■ **Given information**:
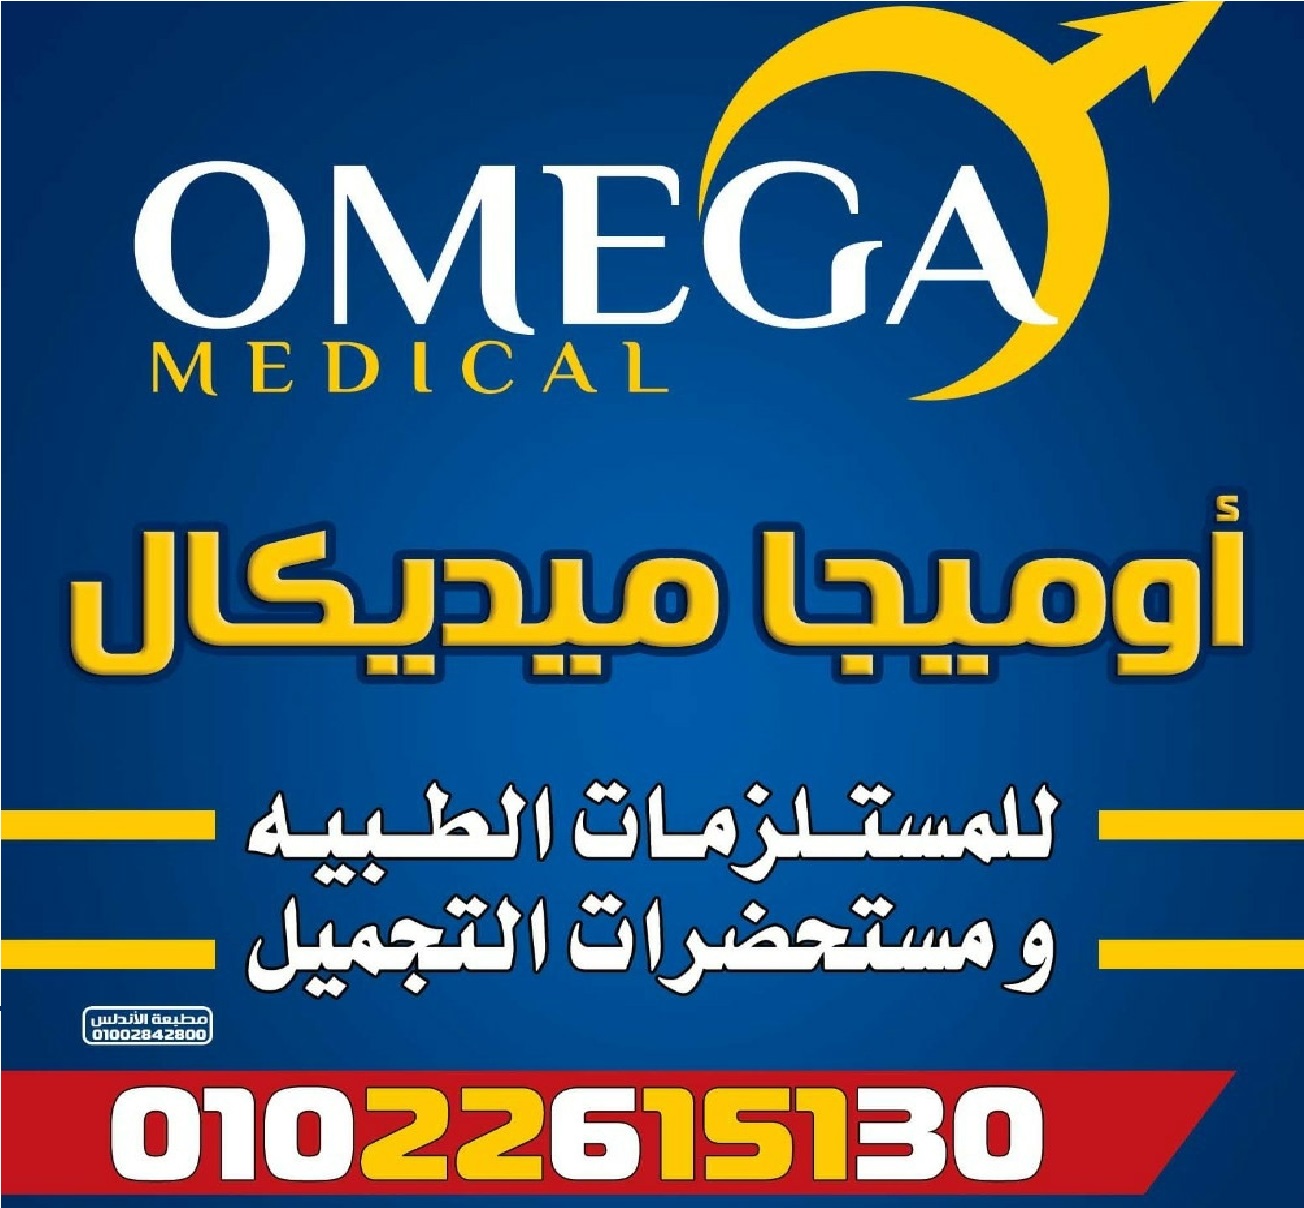 شركة اوميجا للمستلزمات الطبية
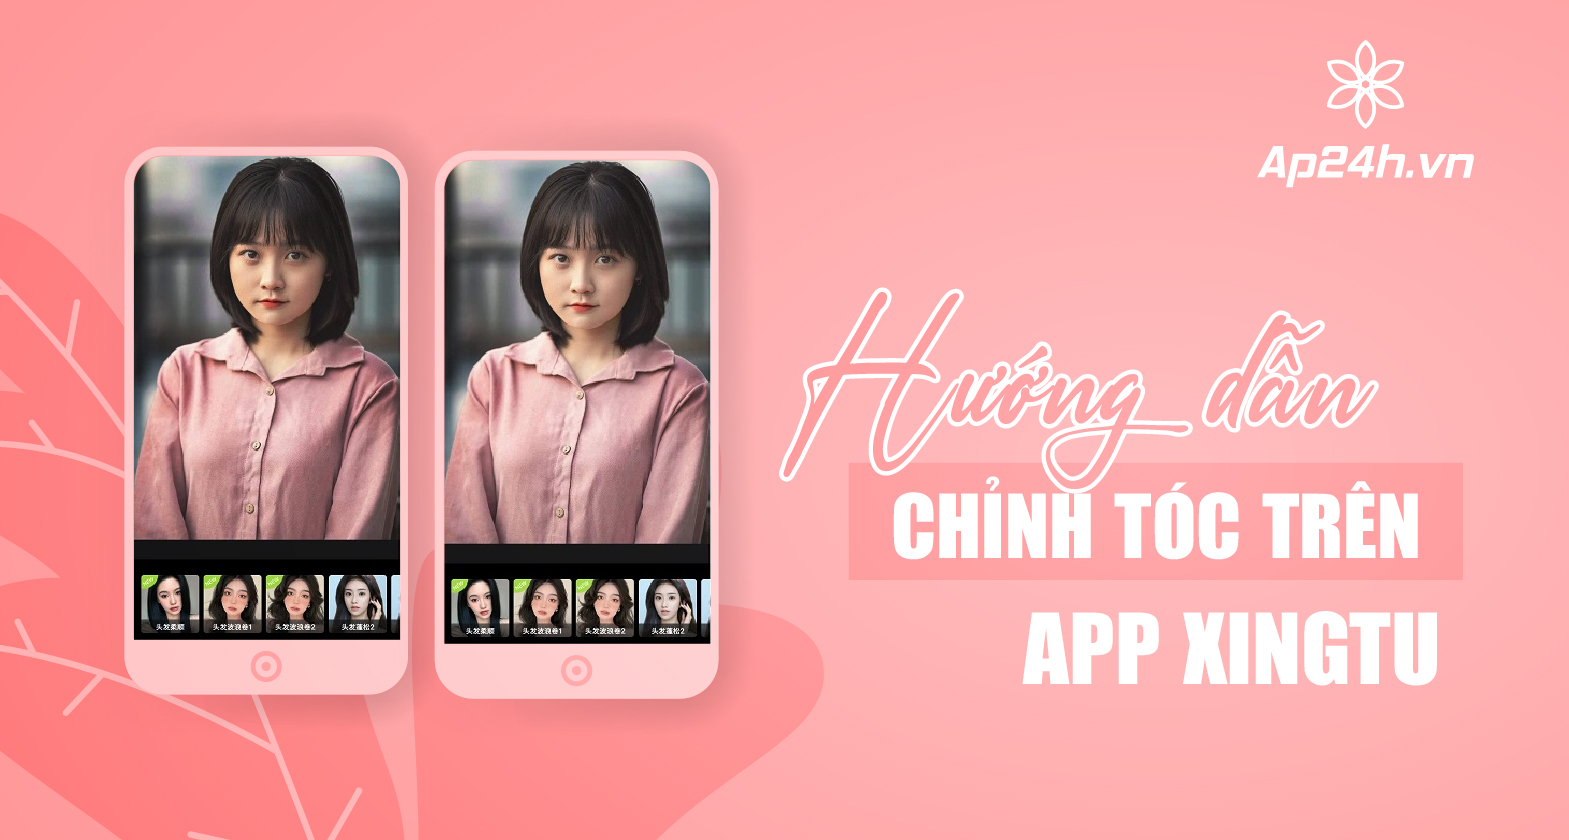 Hướng dẫn cách chỉnh tóc trên App Xingtu
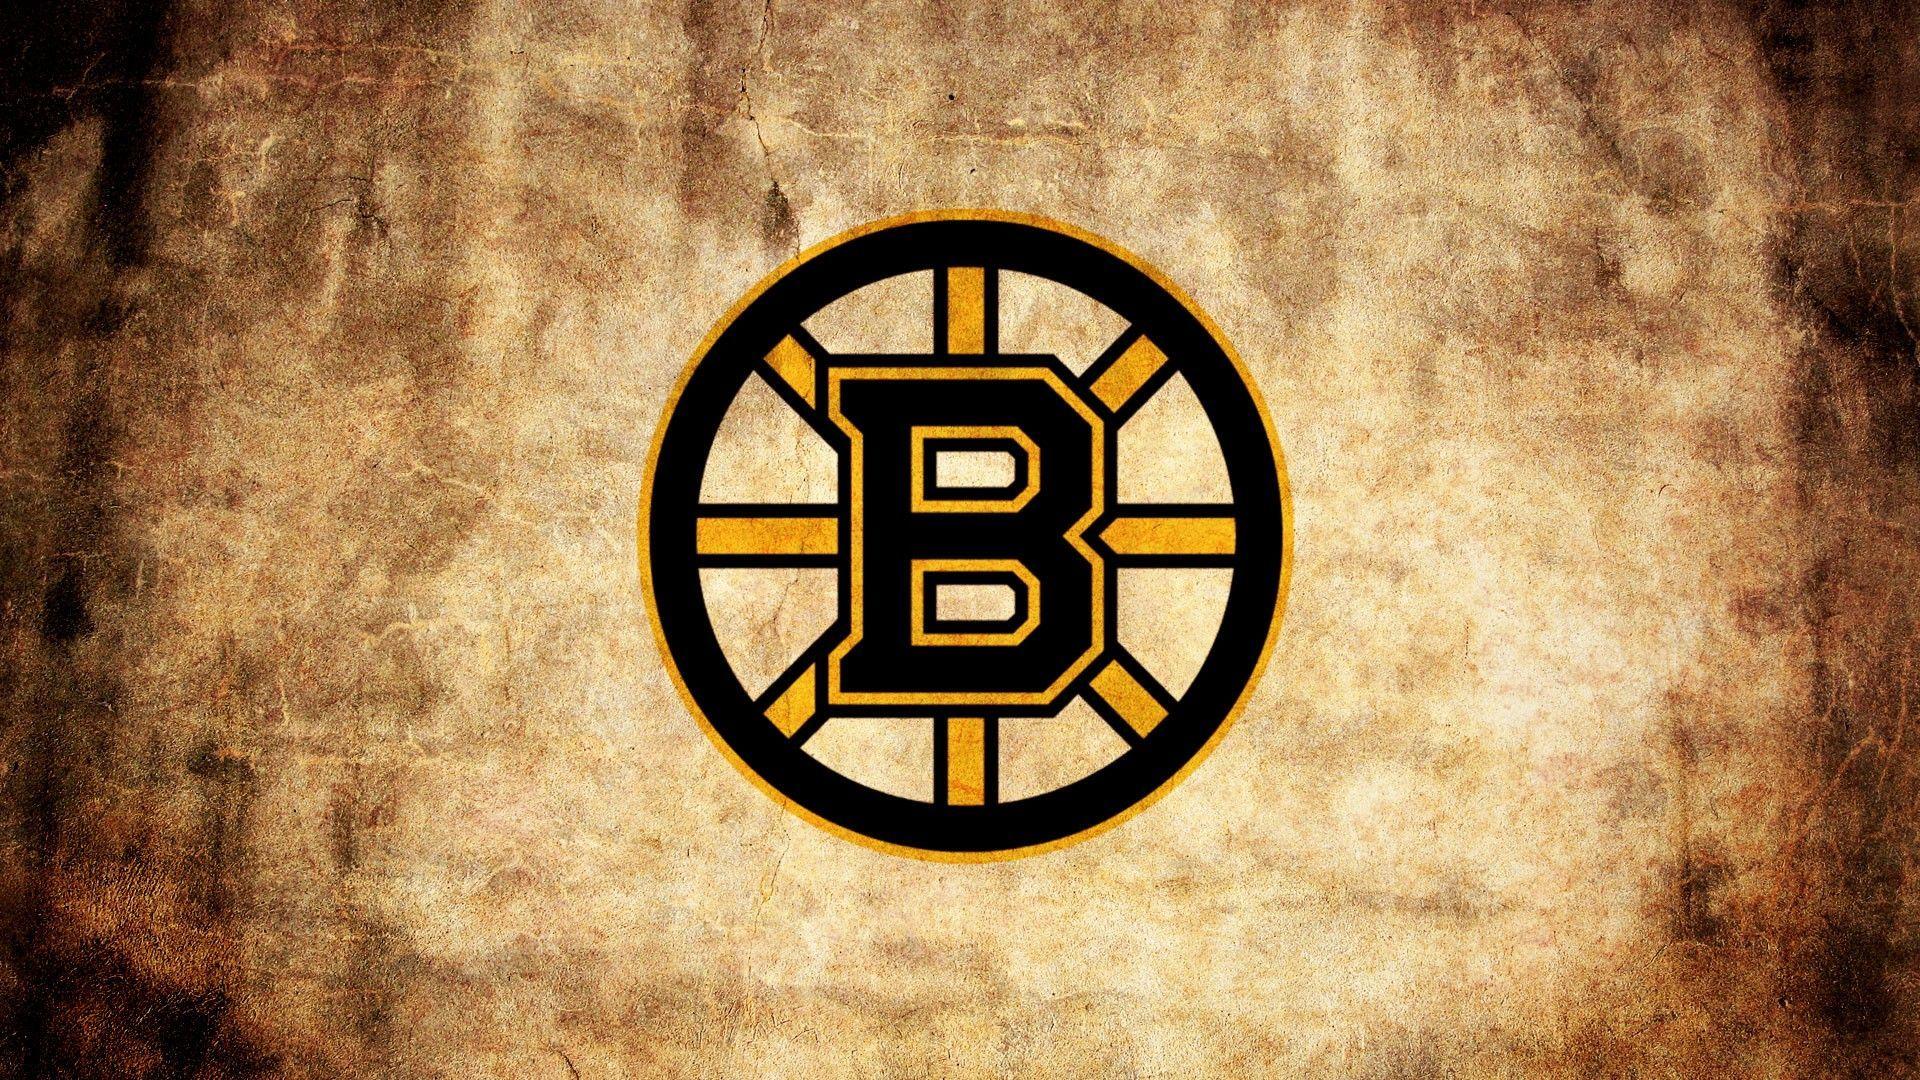 Boston Sports Logos Wallpaper

■ **Task prompt**: A word-for-word copy of the listing is the goal; keep every picture out of it.

■ **Exercise solution**:
 شركة اوميجا للمستلزمات الطبية
 Hướng dẫn cách chỉnh tóc trên App Xingtu
 Boston Sports Logos Wallpaper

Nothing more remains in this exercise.